Hay una idea distorsionada que relaciona a la filosofía con un ejercicio sofisticado, que en cualquier caso no podría realizarse desde la pobreza; el llamado ocio académico supondría bonanza económica, dejar de preocuparse por el sustento para poder pensar. Como si el pobre no pensara y el rico tuviera mayores insumos para hacerlo de mejor modo. A lo largo de la historia diversas corrientes filosóficas han demostrado que también desde la pobreza se puede pensar, incluso mejor. Pero el punto que quiero tratar ahora es una posible instrumentalización de la pobreza, más allá de una sincera preocupación no sólo por el tema, sino por las personas pobres en sí mismas, como seres humanos que requieren de la intervención de otros seres humanos que tendiendo una mejor solvencia pueden ayudarlos solidariamente, o al menos podrían poner su trabajo intelectual al servicio de esta causa, en el entendido que quizá quien más necesite de un rescate sea el propio intelectual, y justo aquí es en dónde se torna complejo el argumento, pues ¿qué tan egoísta es la necesidad de ayudar para demostrar a los demás que se es solidario? Se busca la condescendencia e incluso la tranquilidad de conciencia en la ayuda a los demás.
En cualquier modo es mejor tener la intención que no tenerla, se trata de una conciencia social, que supone un bagaje previo de reflexiones, una filosofía particular.

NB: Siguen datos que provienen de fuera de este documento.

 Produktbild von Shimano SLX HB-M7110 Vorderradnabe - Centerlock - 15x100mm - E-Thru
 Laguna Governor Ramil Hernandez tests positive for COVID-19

Pero no todo lo que lleva el apellido social lo es, y esto lo ha aprendido muy bien una derecha neoliberal que se siente cómoda descalificando a aquellos con compromiso social argumentando que instrumentalizan a la pobreza, cuando en realidad son ellos mismos los que lo han hecho siempre, es algo así como dice el dicho popular que “el león cree que todos son de su misma condición”.
Hay una indigencia real, hay un sector en nuestros países latinoamericanos que come una vez cada tercer día, y en gran medida este fenómeno se intensifica por la falta de conciencia social del resto de la población, la brecha abierta por la desigualdad puede ser mayor si el tema se banaliza o nos acostumbramos a su instrumentalización.

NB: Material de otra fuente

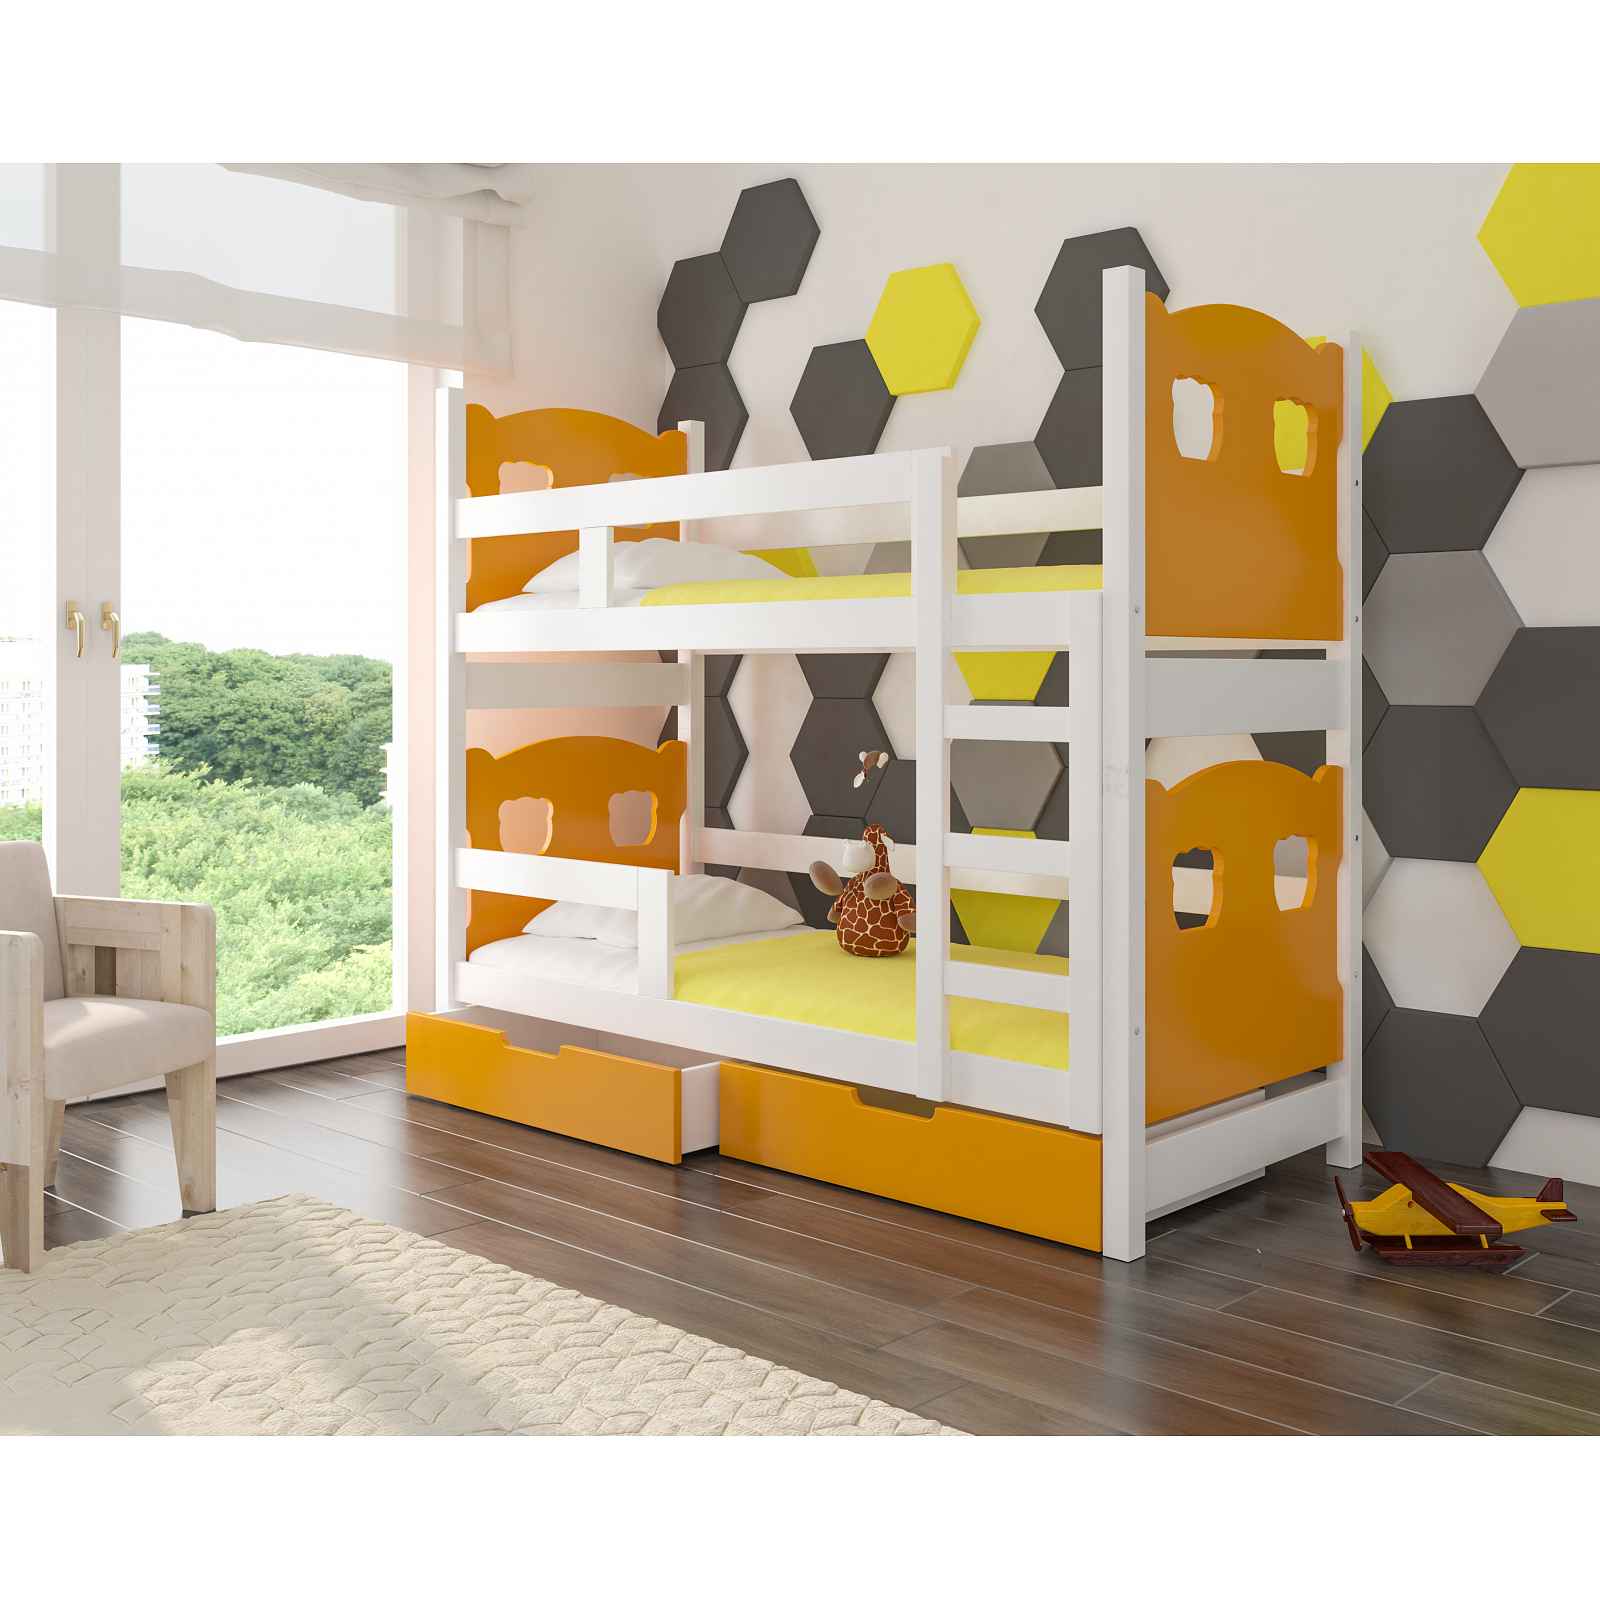 Dětská patrová postel Marika, bílá/oranžová + matrace ZDARMA! HELCEL

El derecho contemporáneo se fabrica muchas veces de la mano de programas de gobierno y políticas públicas que buscan más que incidir en el eliminar la brecha, generar una propaganda idónea que justifique los grandes gastos con cargo al erario público, la mercadotecnia del derecho es una realidad ligada a un discurso basado en buenas intenciones. Seguramente el programa o política que abandere derechos humanos venderá mejor que otro que no lo lleve. Esto que podríamos llamar doble discurso o currículo oculto, por eso una filosofía desde y para la indigencia supone una ética, un examen constante para descubrir si la intención sigue siendo diáfana y sincera. Y es que detrás del paternalismo y el populismo, se esconde una actitud de control y dominación, el que ayuda o dice ayudar puede fácilmente entenderse en un contexto de supra a subordinación y aprovecharse de tal condición. Por ello es muy importante fomentar una ética de la otredad, una visión de la diversidad.
Saberes como la antropología y la etnología han lidiado con este problema epistémico desde hace ya mucho tiempo. El peligro de generar un turismo de la indigencia, un folclore de la pobreza está a la orden del día. Nuestro pasado indígena, y una población indígena indigente, lleva muchas veces a instrumentalizar a un gran sector de nuestras sociedades.
Muchas campañas políticas utilizan al pobre y al indígena como un elemento retórico para alcanzar al electorado. Es justo aquí donde la filosofía desde y para la indigencia debería denunciar estos abusos, el hecho de consentirlos nos hace cómplices de ese sistema perverso que mediatiza la pobreza, pero no tiene ninguna intención de erradicarla porque en el fondo sabe que ese es el mejor mecanismo de control político.